* **DATA EXTRACTS**:
= = = = =
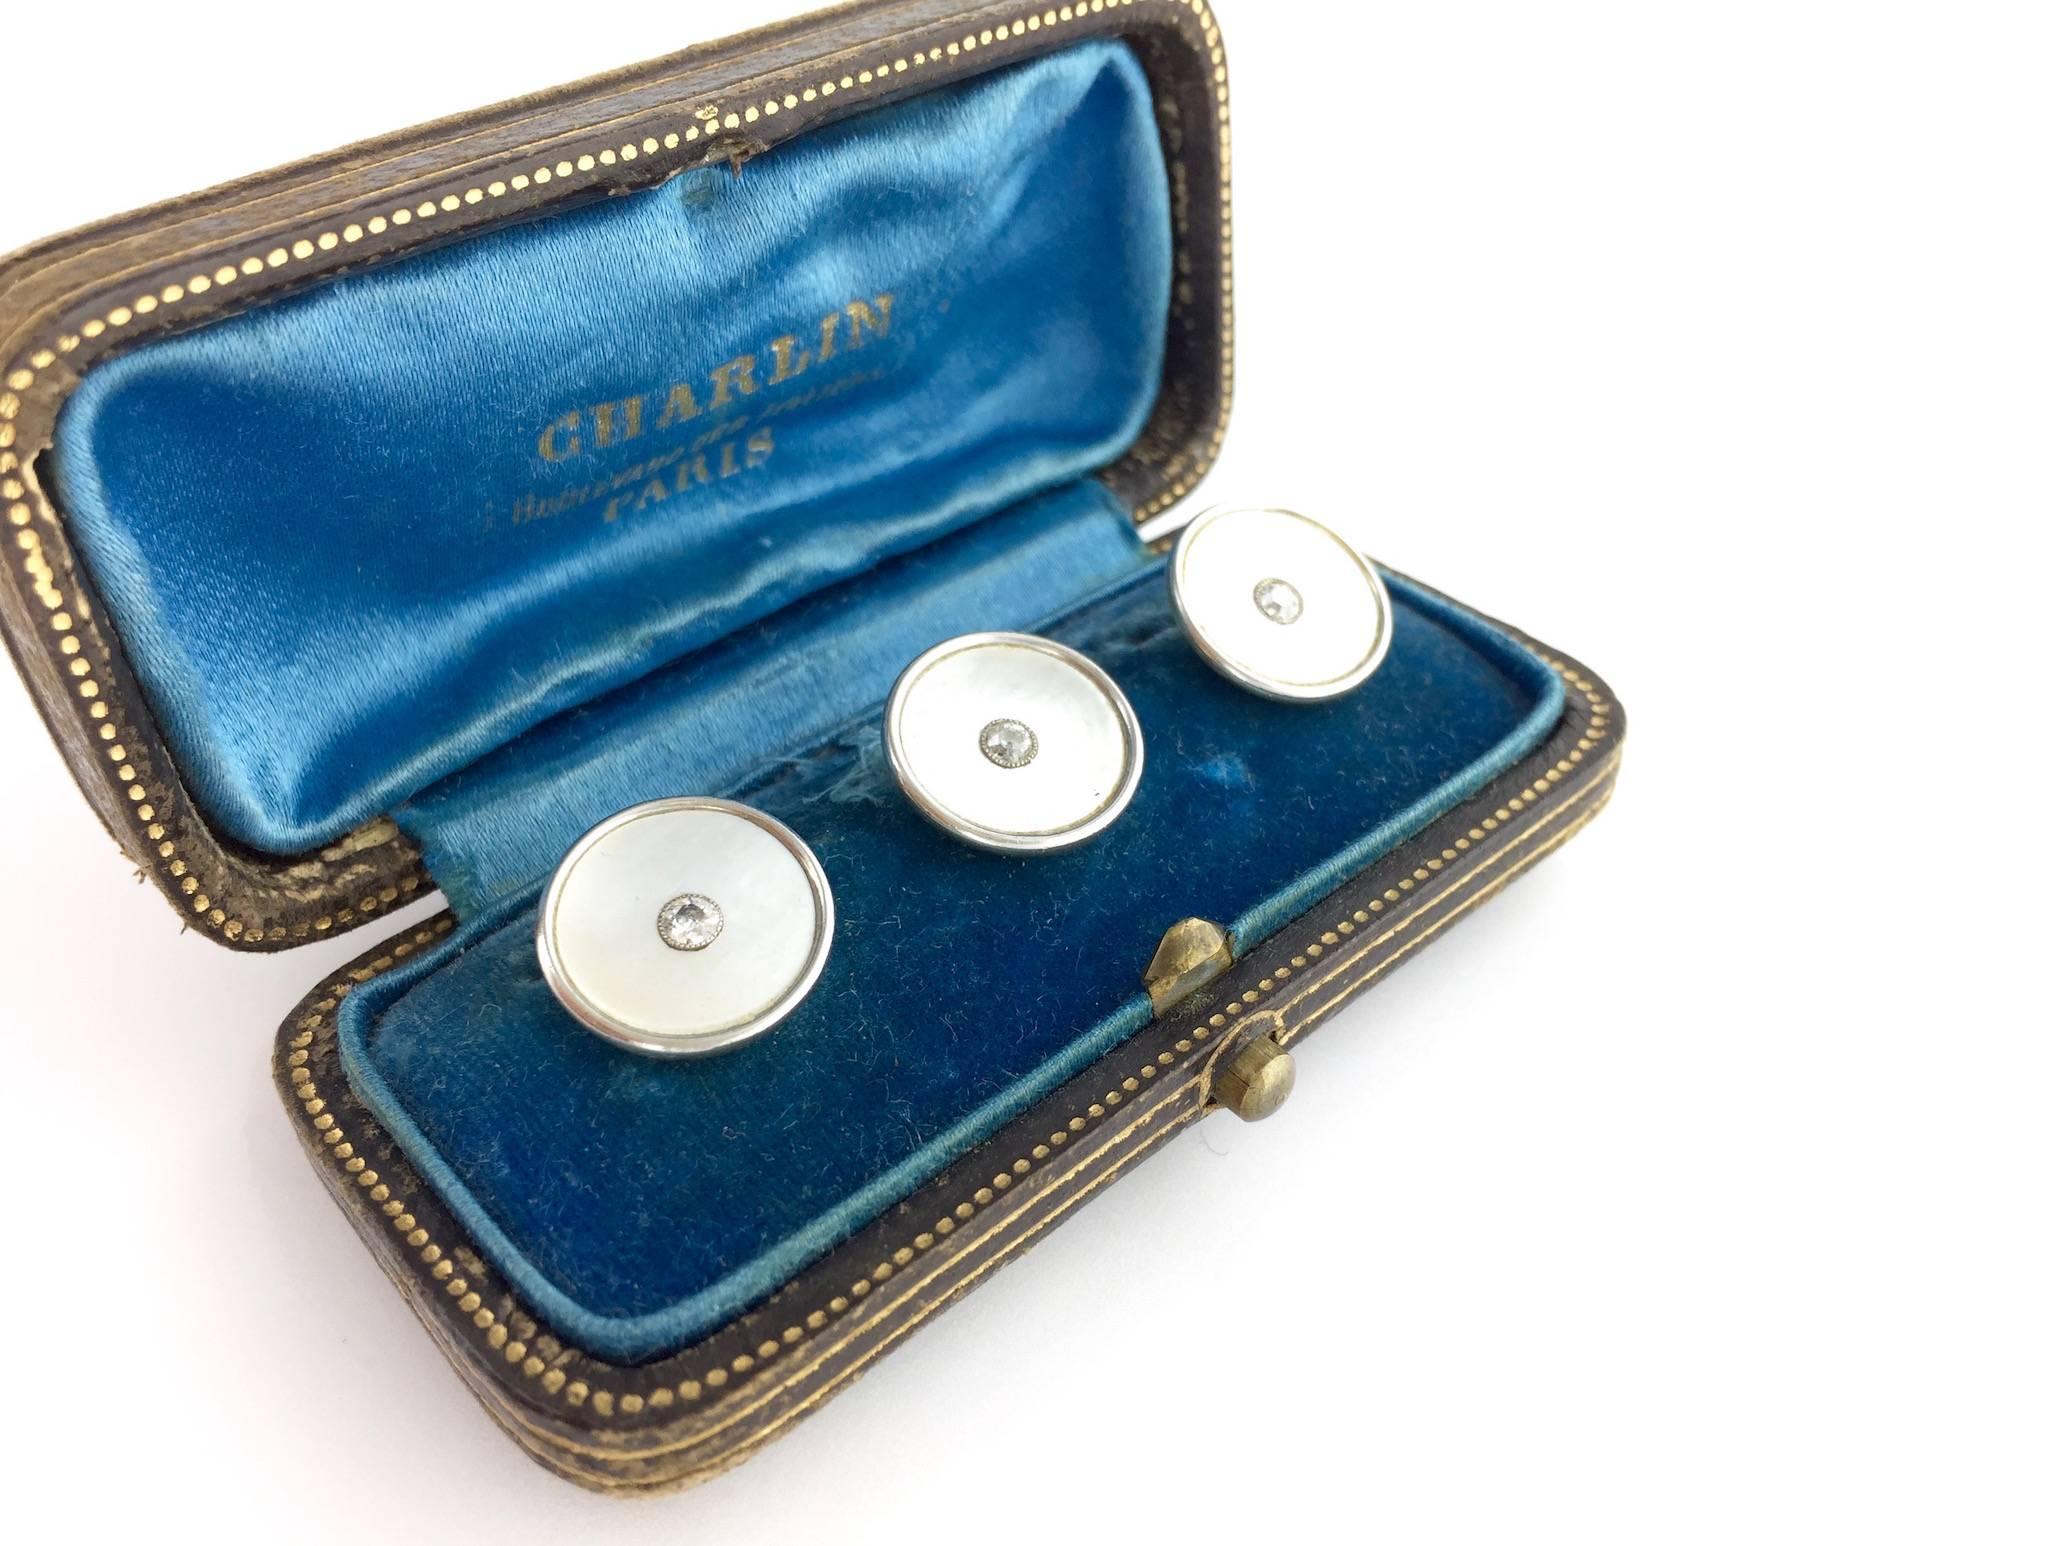 Very Elegant Mother-of-Pearl Three Buttons each one centered by Diamond on Platinum and yellow Gold.
Circa 1910.
Original box.

Gross weight: 4.36 grams.
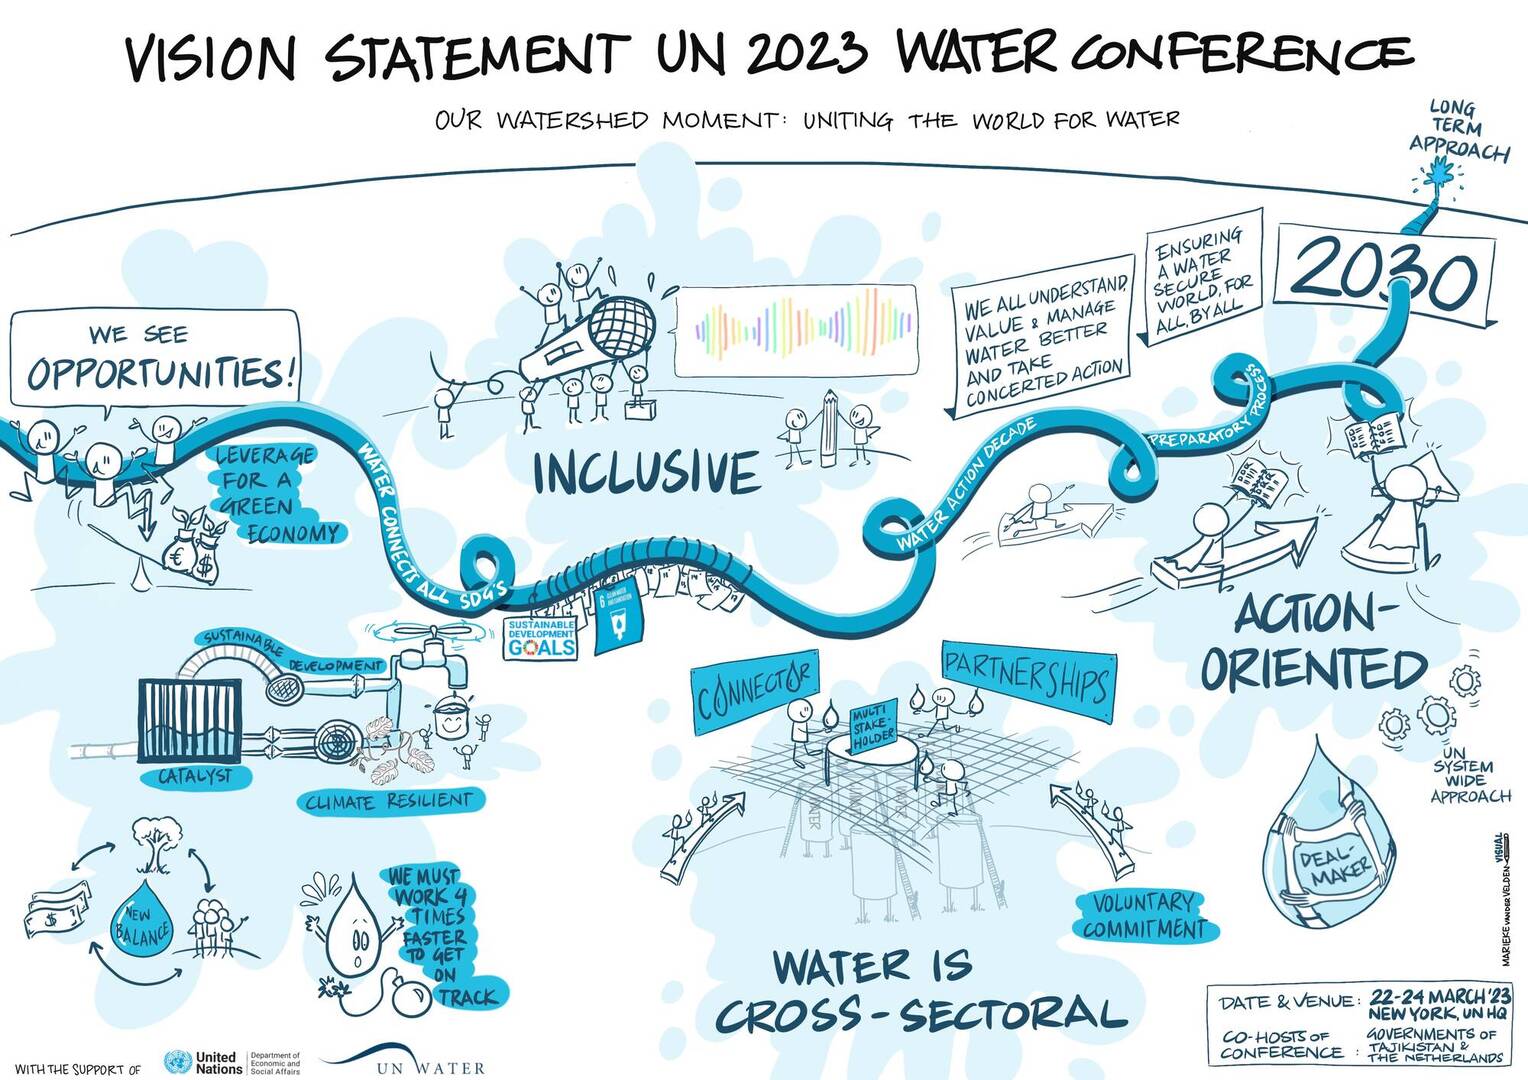 vision-statement-waterconference-2023
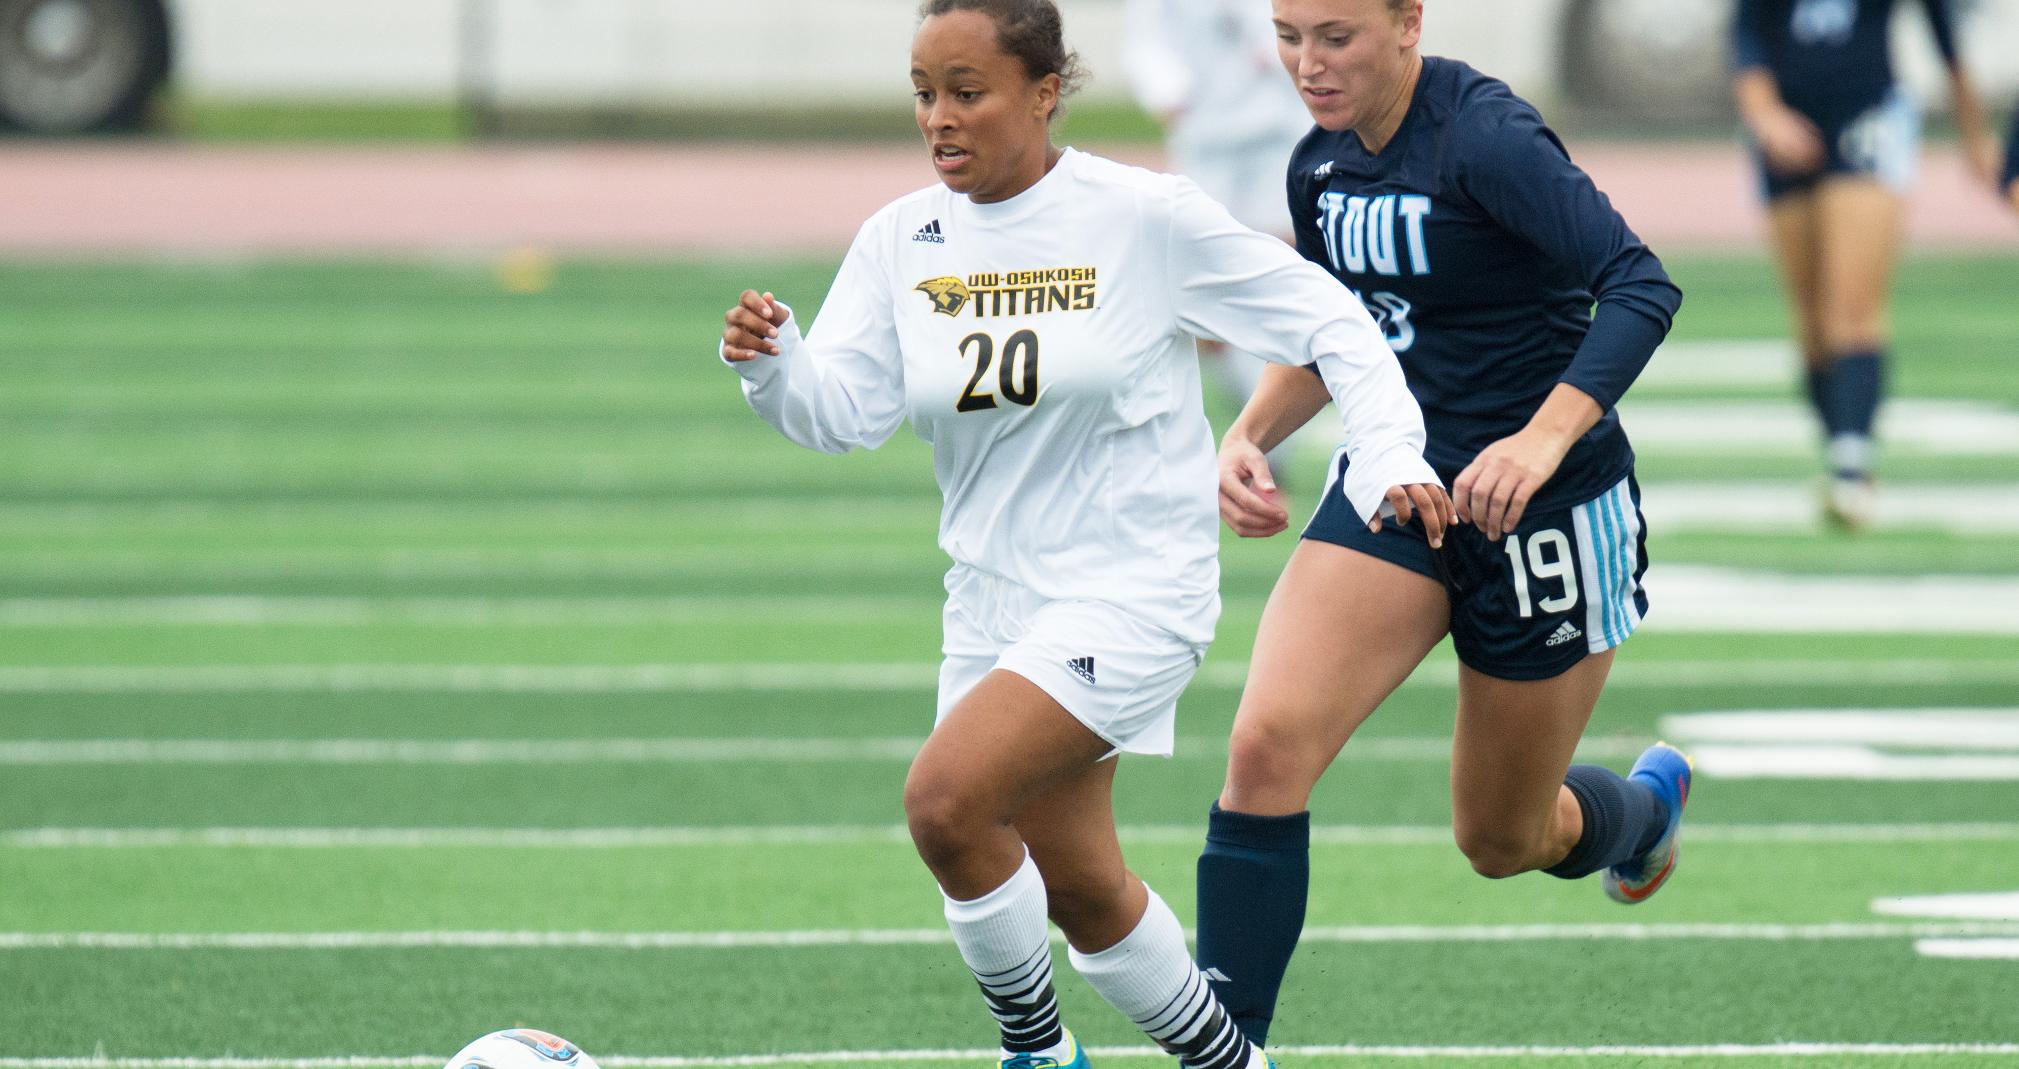 AJ Jackson gave UW-Oshkosh a 1-0 lead during the final minute of the first half.
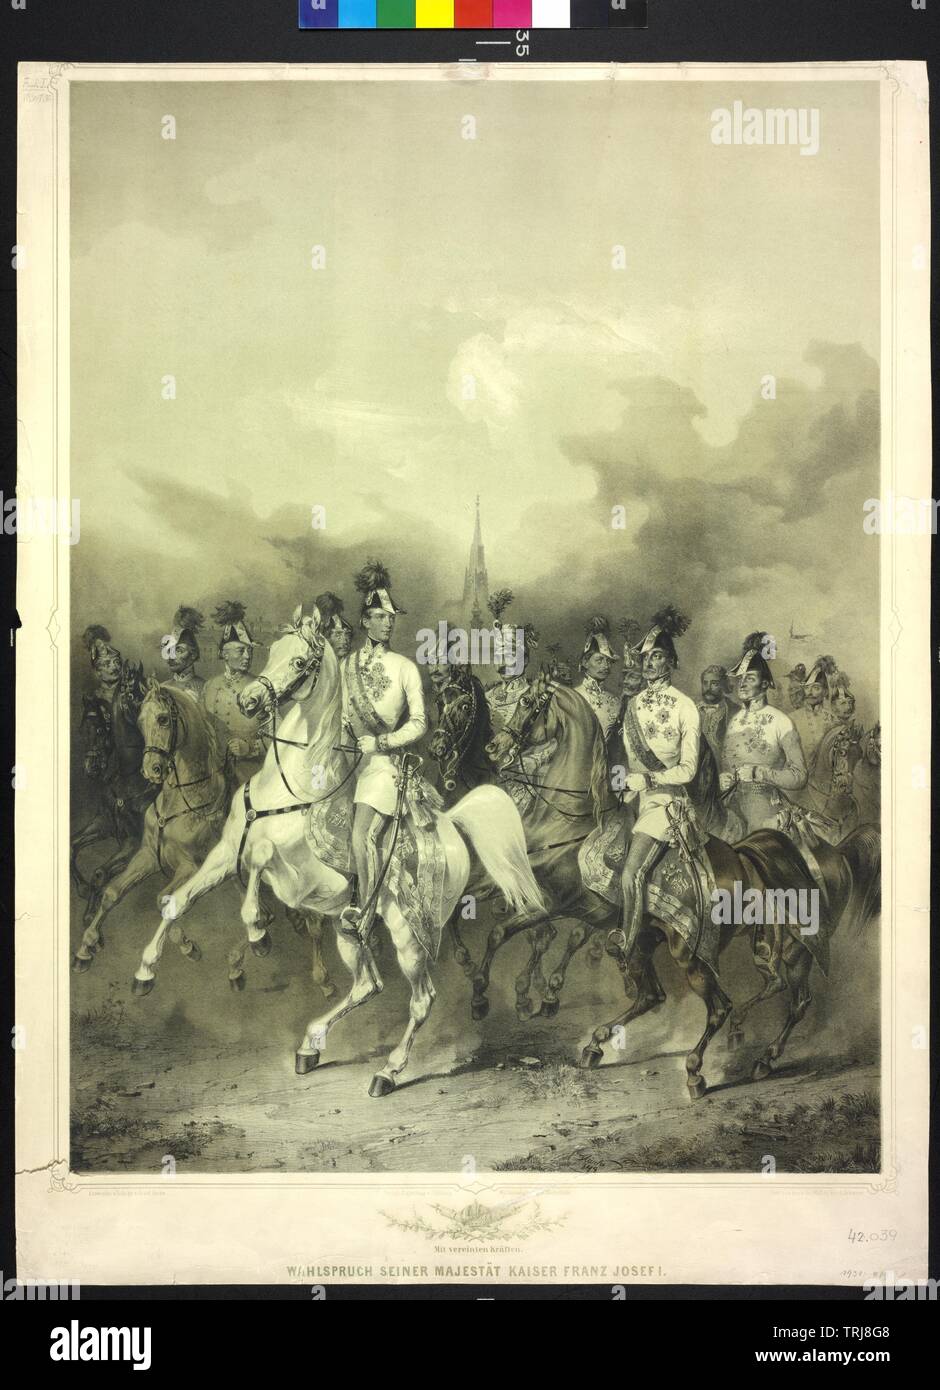 Franz Joseph I, Emperor of Austria, equestrian image uniformed, surround by officers on horse, lithograph by Joseph Heicke, Additional-Rights-Clearance-Info-Not-Available Stock Photo
= = = = =
* **PROBLEM DETAILS**: Repeat the listing verbatim without its pictures.

* **SOLUTION TO THIS EXERCISE**:
 Very Elegant Mother-of-Pearl Three Buttons each one centered by Diamond on Platinum and yellow Gold.
Circa 1910.
Original box.

Gross weight: 4.36 grams.
 vision-statement-waterconference-2023
 AJ Jackson gave UW-Oshkosh a 1-0 lead during the final minute of the first half.
 Franz Joseph I, Emperor of Austria, equestrian image uniformed, surround by officers on horse, lithograph by Joseph Heicke, Additional-Rights-Clearance-Info-Not-Available Stock Photo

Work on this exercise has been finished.